Marcelo Menna Barreto escreveu:
Para o professor da PUCRS, Rodrigo Ghiringhelli de Azevedo, a ideia de um apagão na segurança pública é alarmista. Ele reconhece que as demandas corporativas dos policiais são legitimas, porém contemplam uma visão parcial da questão.
“Na minha opinião, de maneira geral, o Rio Grande do Sul evoluiu em matéria de política de segurança pública na gestão Leite, em relação ao período anterior, que foi um período catastrófico. O governo, tanto no primeiro mandato quanto, agora, no segundo, não tem trabalhado numa linha de populismo punitivo, ao contrário, tem trabalhado em cima de evidências e tem feito uma política de segurança com base em resultados. Isso tem sido interessante”, avalia Azevedo.“A questão da forma como o governo lida com as demandas corporativas é sempre um tema tenso, mas não houve atraso no pagamento de salários, enfim, e tem havido concursos. Agora mesmo foi aberto”, conclui.

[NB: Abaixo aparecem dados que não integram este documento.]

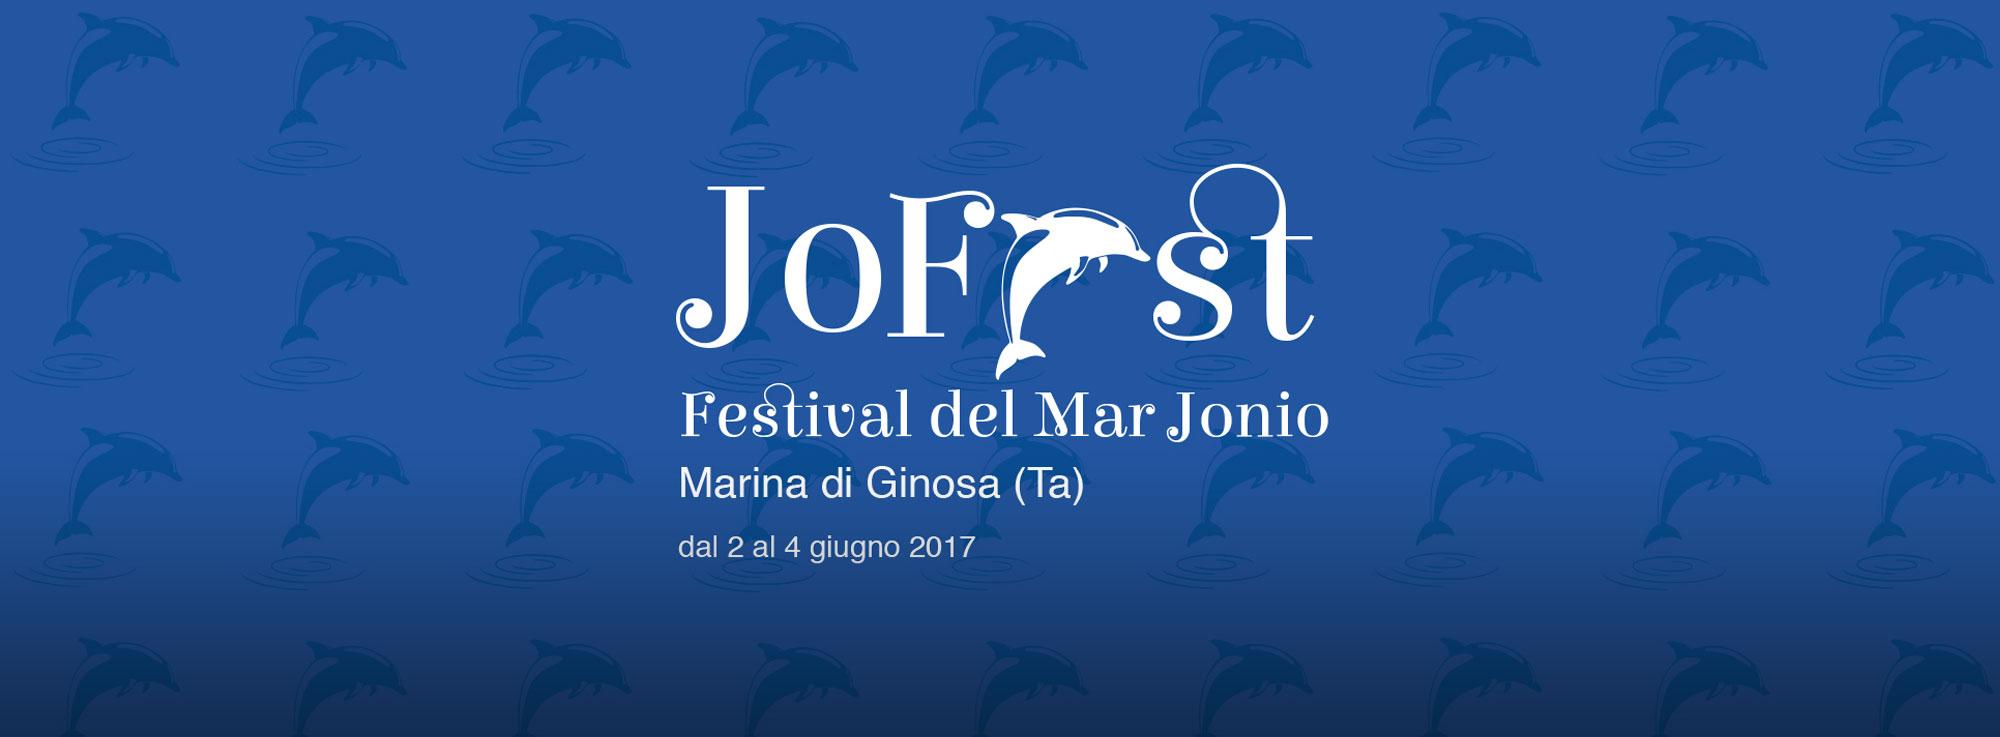 Ginosa Marina: Jofest - festival del Mar Ionio

Fábio Castro, da Ugeirm, concorda com a chamada evolução apontada por Azevedo, mas credita boa parte aos policiais e evidencia sua preocupação com políticas de retenção do efetivo. Em contraponto ao professor, ele relata situações preocupantes.

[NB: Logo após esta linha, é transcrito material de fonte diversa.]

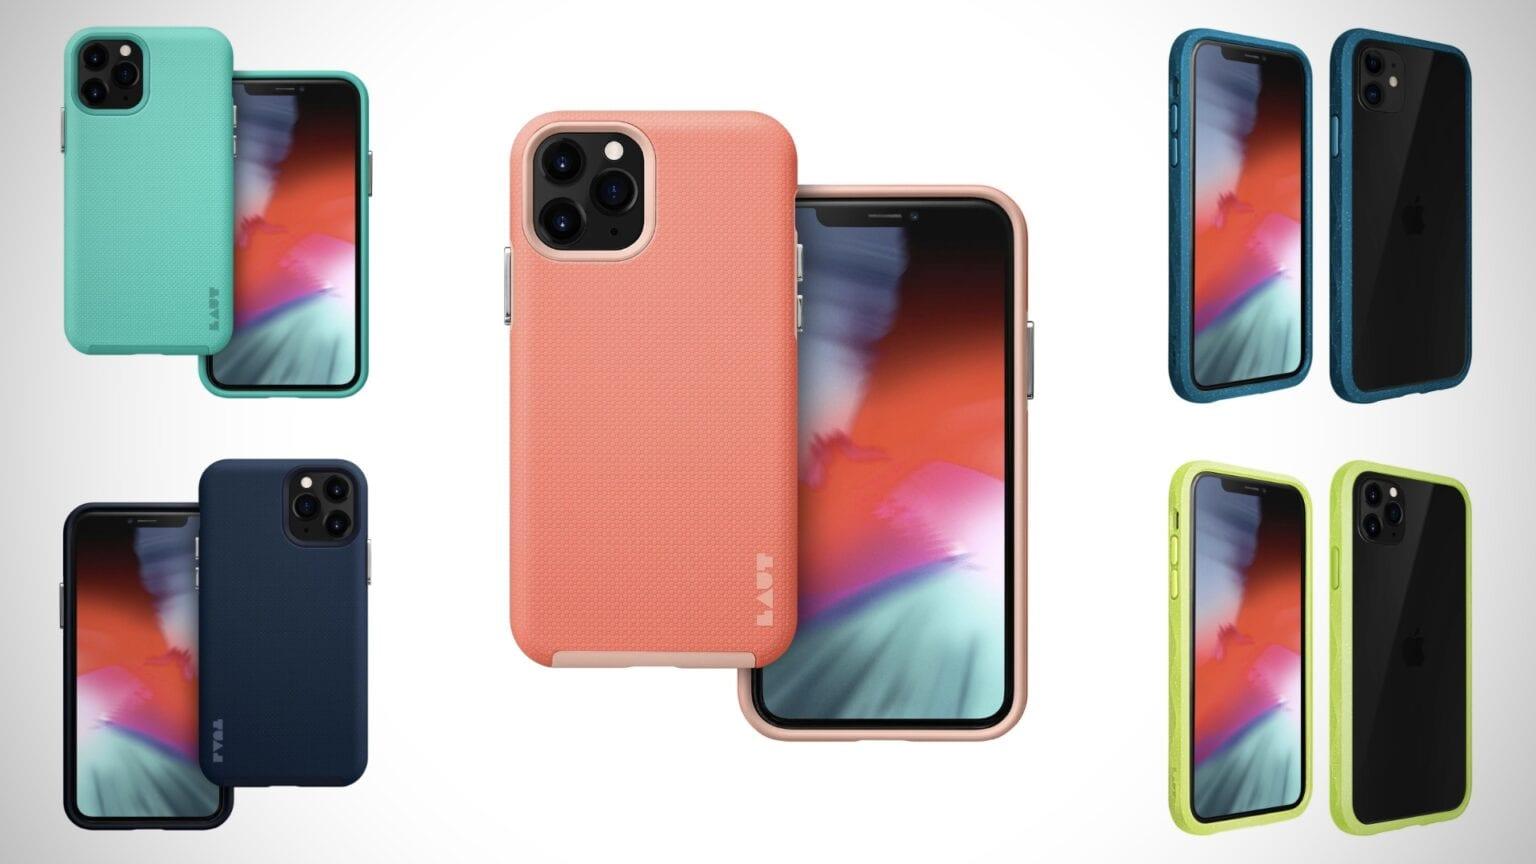 Laut colorful iPhone cases

Por exemplo, 71 municípios gaúchos operam delegacias com apenas um policial. “Se ele sair de férias, tem que buscar outro em outra localidade ou fechar a delegacia”, relata o dirigente ao lembrar que já há proposta da Ugeirm de fechar essas repartições que se localizam em pequenas cidades e agrupá-las em polos regionais. “Mas, aí é aquela história. Compra-se briga com os prefeitos, com os vereadores”, ressalva.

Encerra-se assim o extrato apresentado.